Out of every 10,000 hospital workers, 75 suffer injuries from lifting patients. Out of every 10,000 residential facility or nursing home workers, 107 suffer the same injuries. That equates to two and three times more than the national average, respectively. Even though the agency has yet to establish industry standards, OSHA felt the problem was bad enough to create a website devoted to it.

Your risk of injury may only increase

You probably already know that the average age of the population is rising. Over the next 10 years, the number of people age 65 or older will only increase. As the population ages, more patients will have mobility issues. This means you will probably lift more and more patients as the years go by.

At the same time, obesity remains a problem as well. Lifting equipment that can raise up to 1,000 pounds, specially made ambulances, specially made beds and surgical tables, and more appear in more medical facilities across the country. Even if you prefer not to use equipment to lift a patient, you may have no choice under certain circumstances.

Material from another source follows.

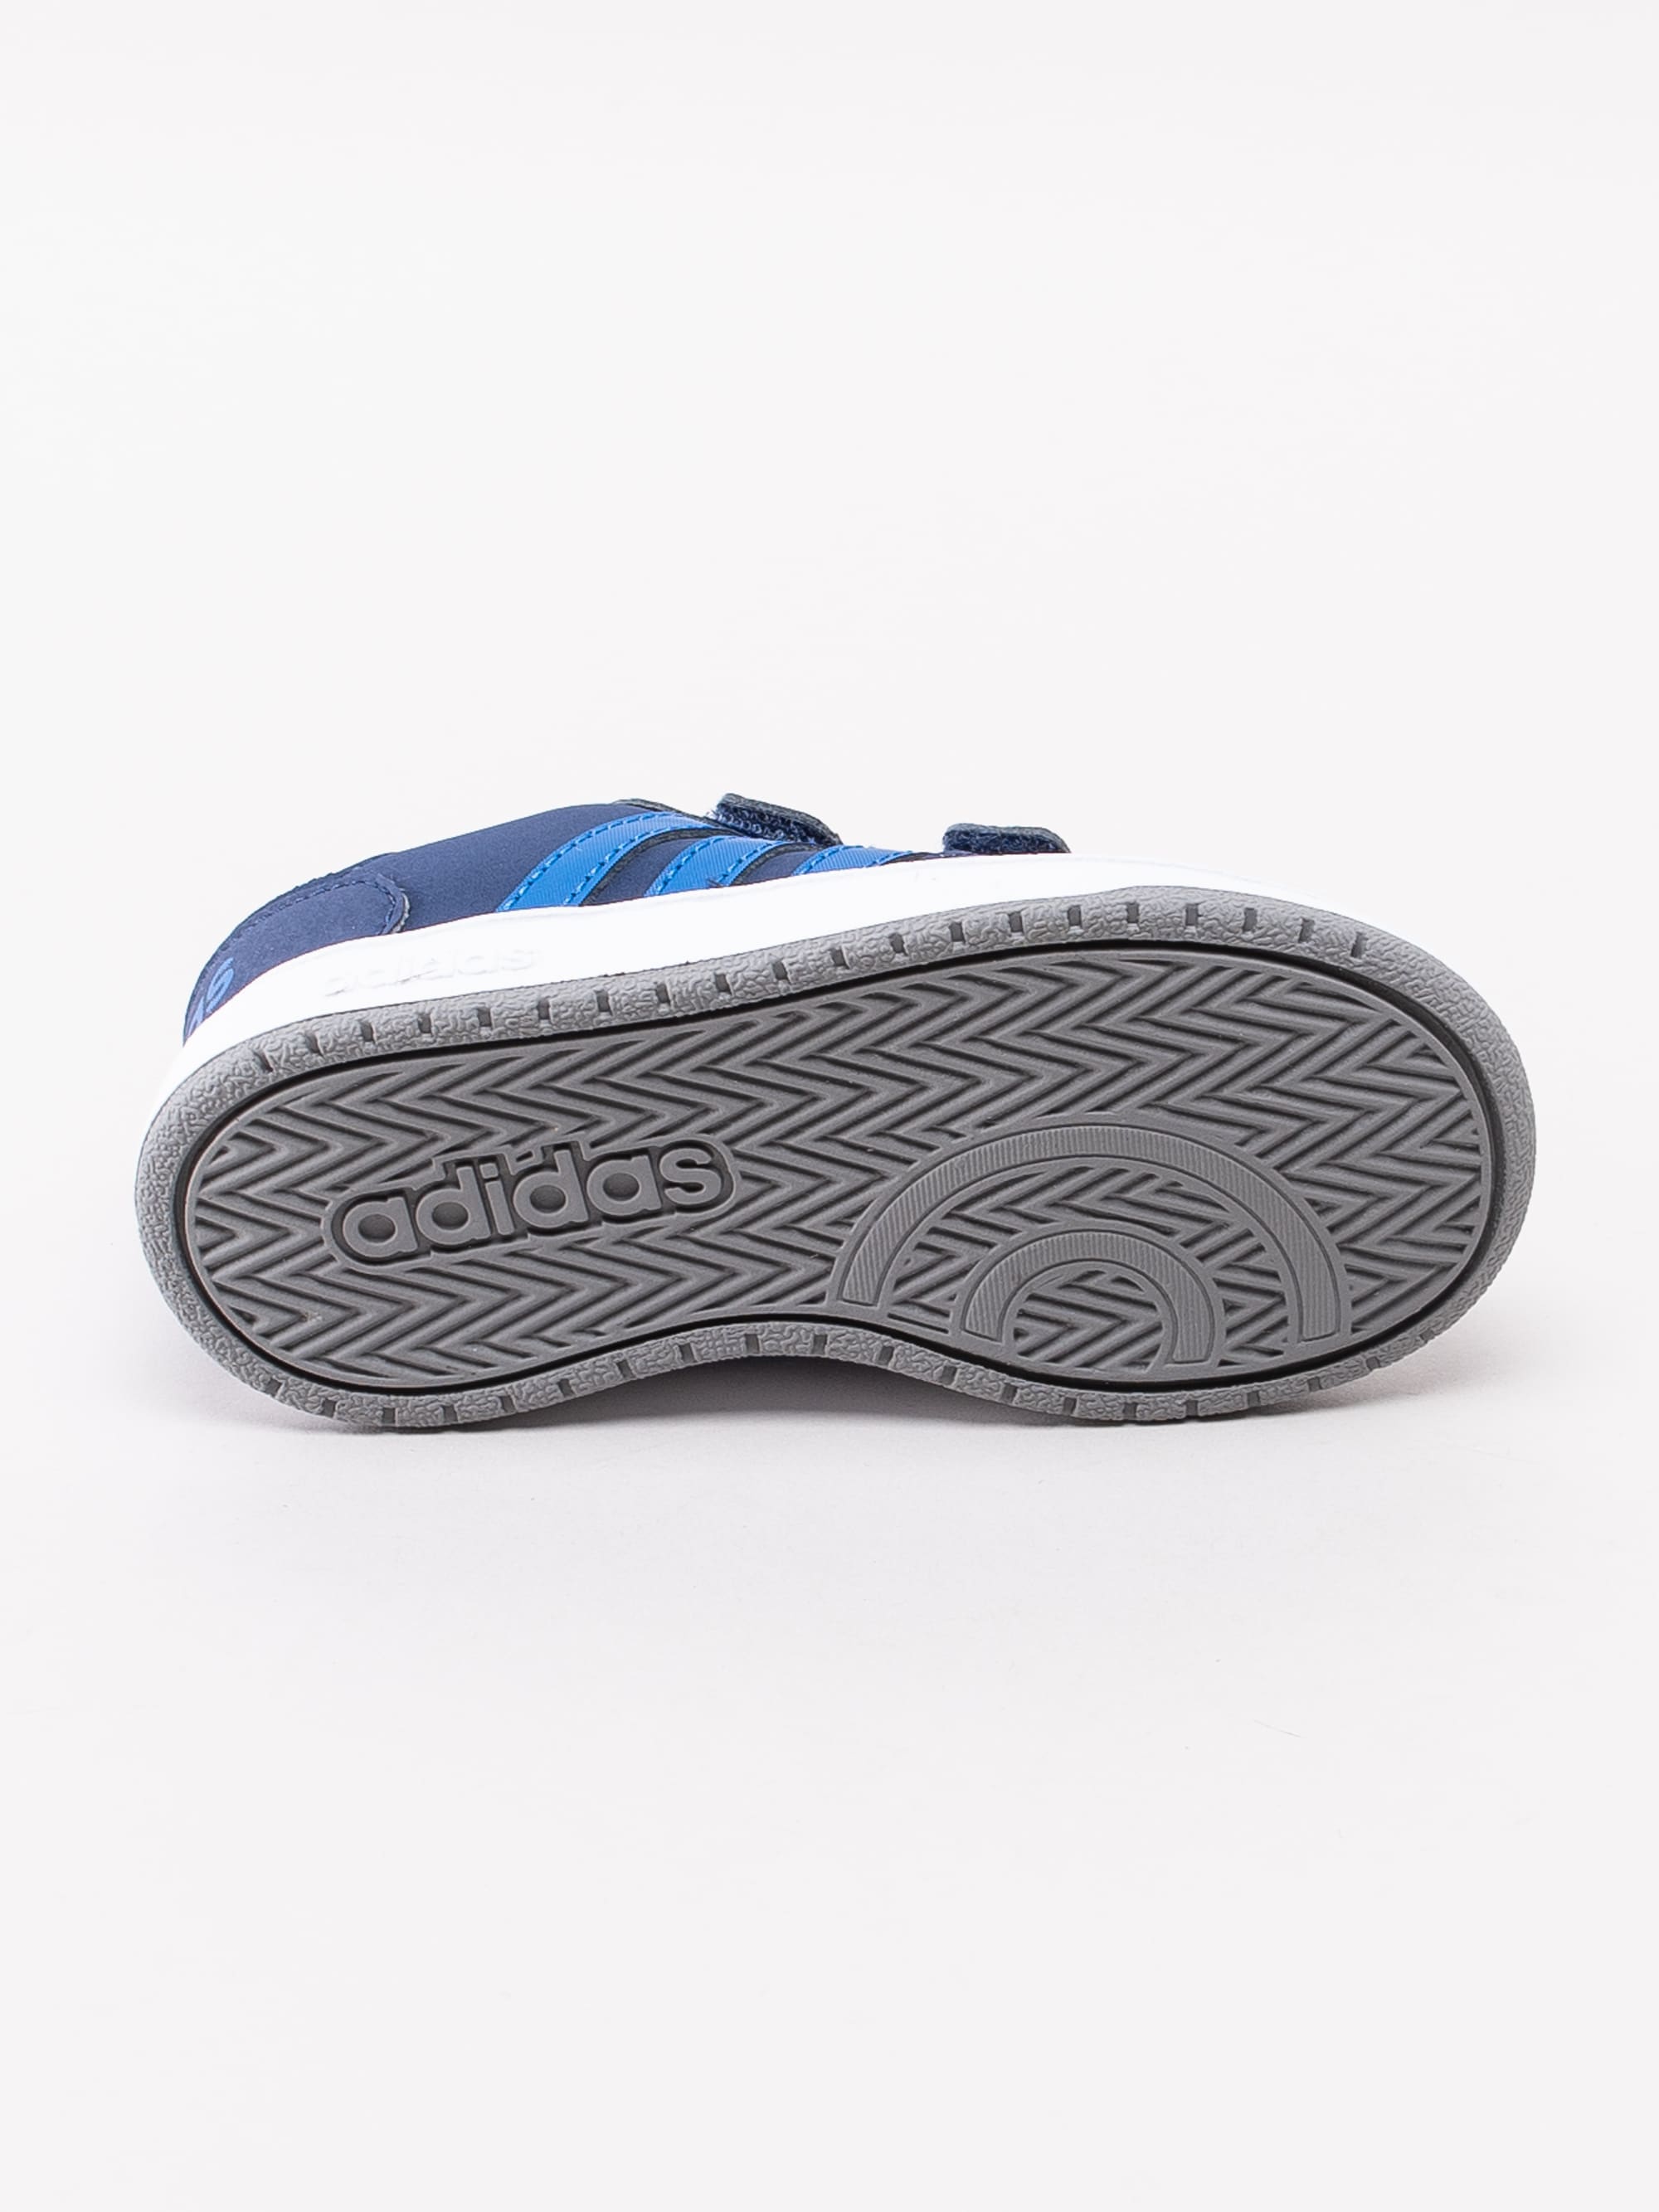 56193009 Adidas Hoops 2.0 Cmf I EE9001 mörkblå sneakers för små barn med kardborre-5
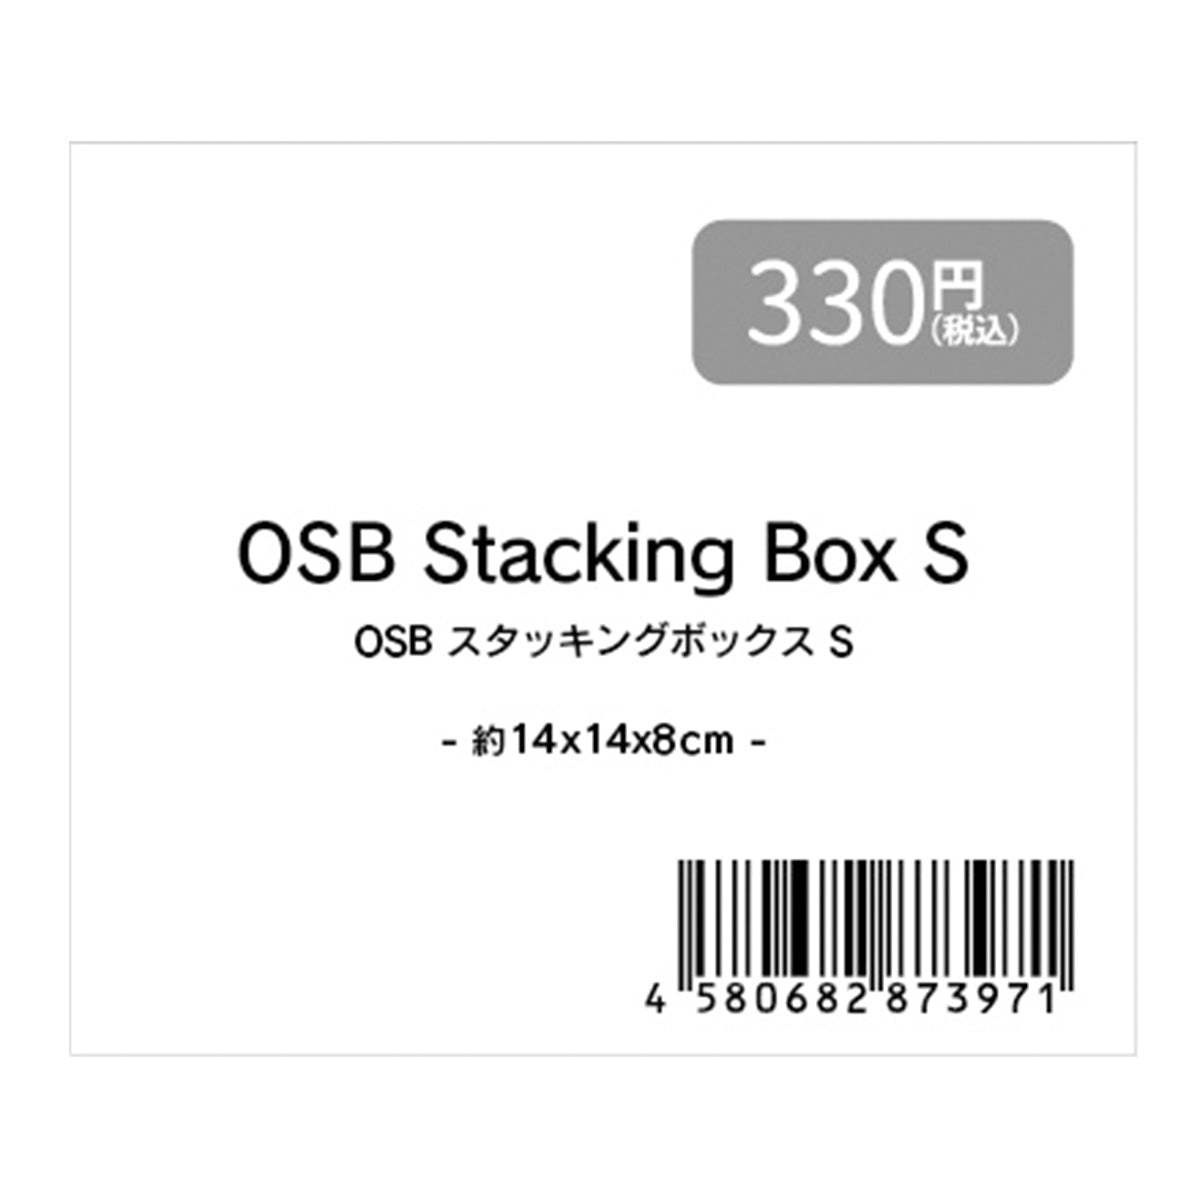 収納ボックス 小物ケース ナチュラル OSBスタッキングボックス S 約14x14x8cm 353366

Would lift-assist equipment make a difference?

OSHA thinks it does. It says that, when medical facilities use lift-assist equipment to move patients, the following happens:

  • Injuries decrease
  • Productivity increases
  • Staff retention rises
  • Workers' compensation claims decrease
  • Time off work for injuries decreases
  • Worker satisfaction increases
  • Work life of staff increases
  • Patient care and satisfaction rise

This may make you want to use such equipment more often, but it doesn't eliminate the possibility of injury during patient transfers. You could still end up suffering a work-related injury while moving a patient. If this happens, you could spend some time recovering. In that case, you should receive workers' compensation benefits to help with your medical and medical-related expenses, along with the income you lose while recovering. Other benefits may also be available based on your circumstances.